Start of The input

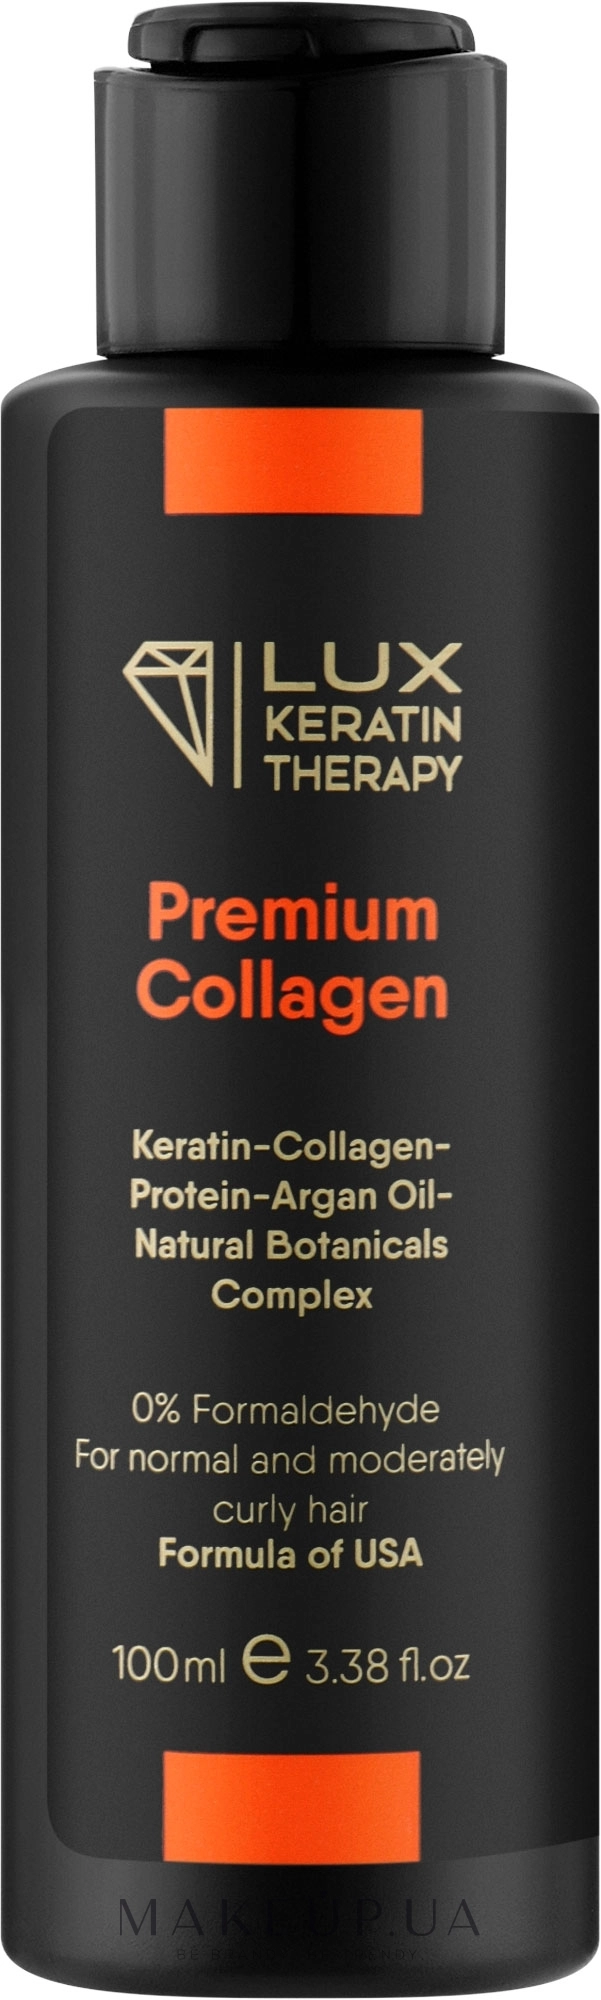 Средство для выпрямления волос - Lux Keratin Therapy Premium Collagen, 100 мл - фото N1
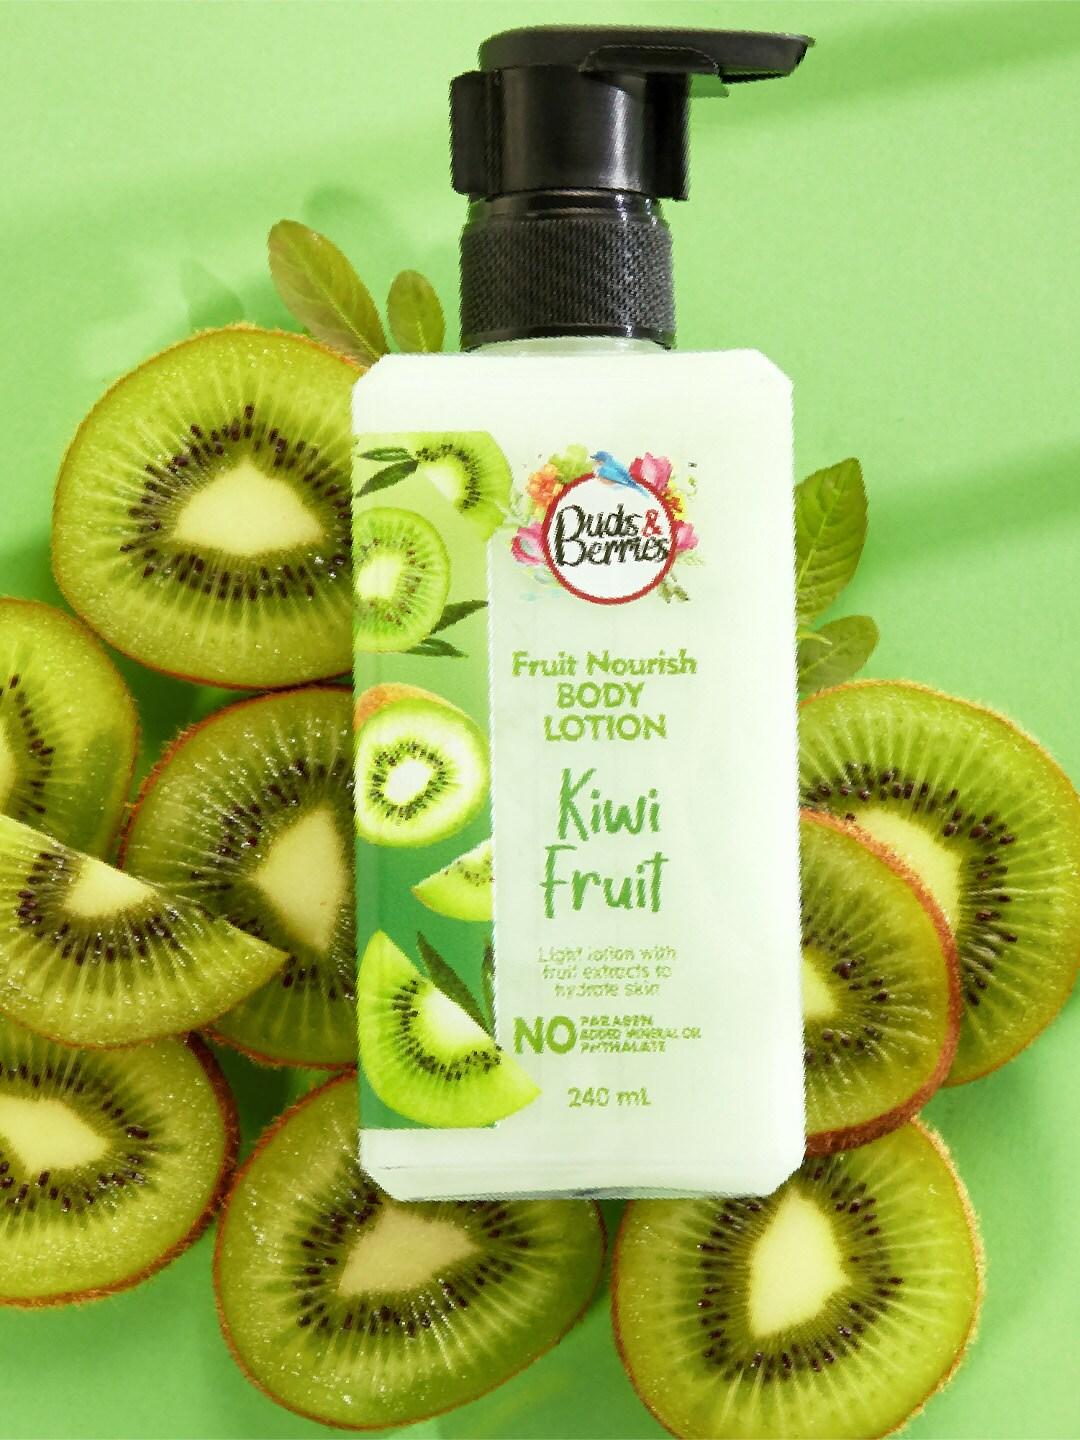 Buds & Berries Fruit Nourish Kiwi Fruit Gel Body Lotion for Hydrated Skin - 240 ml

End of The input
Start of The input

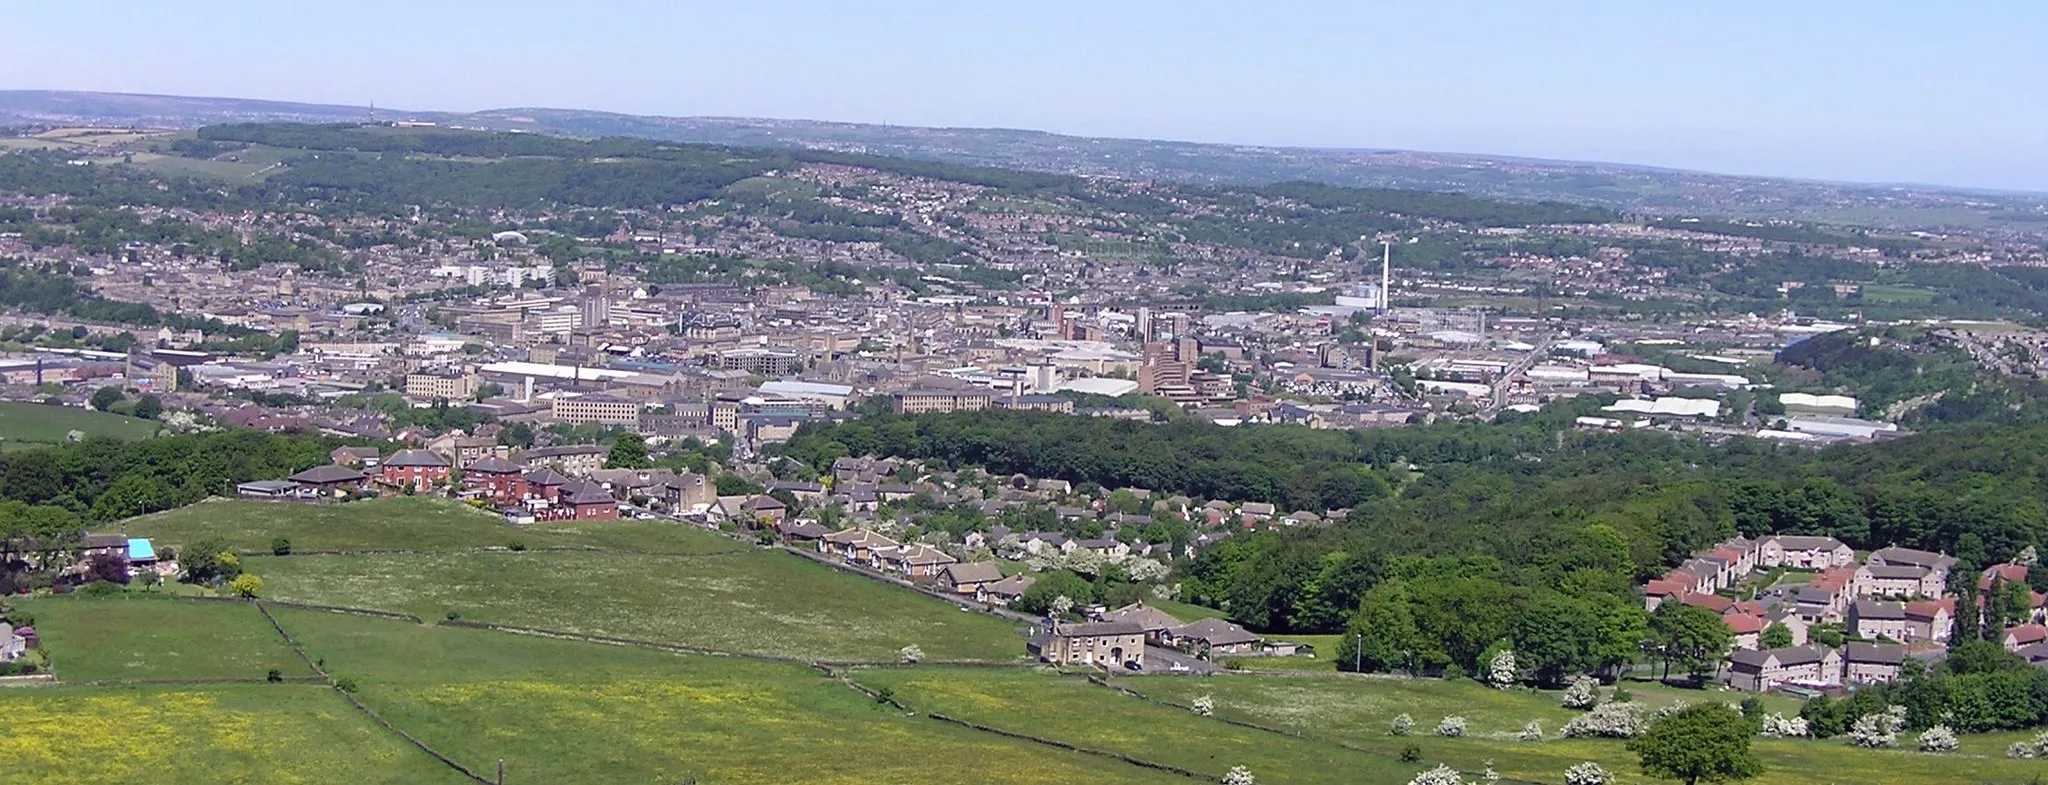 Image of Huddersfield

End of The input

→ Instructions for the task:
Output exactly the lines above, from the line with "Средство для выпрямления" to the line with "Buds & Berries", both included; skip the pictures.

→ Exercise solution:
 Средство для выпрямления волос - Lux Keratin Therapy Premium Collagen, 100 мл - фото N1
 Buds & Berries Fruit Nourish Kiwi Fruit Gel Body Lotion for Hydrated Skin - 240 ml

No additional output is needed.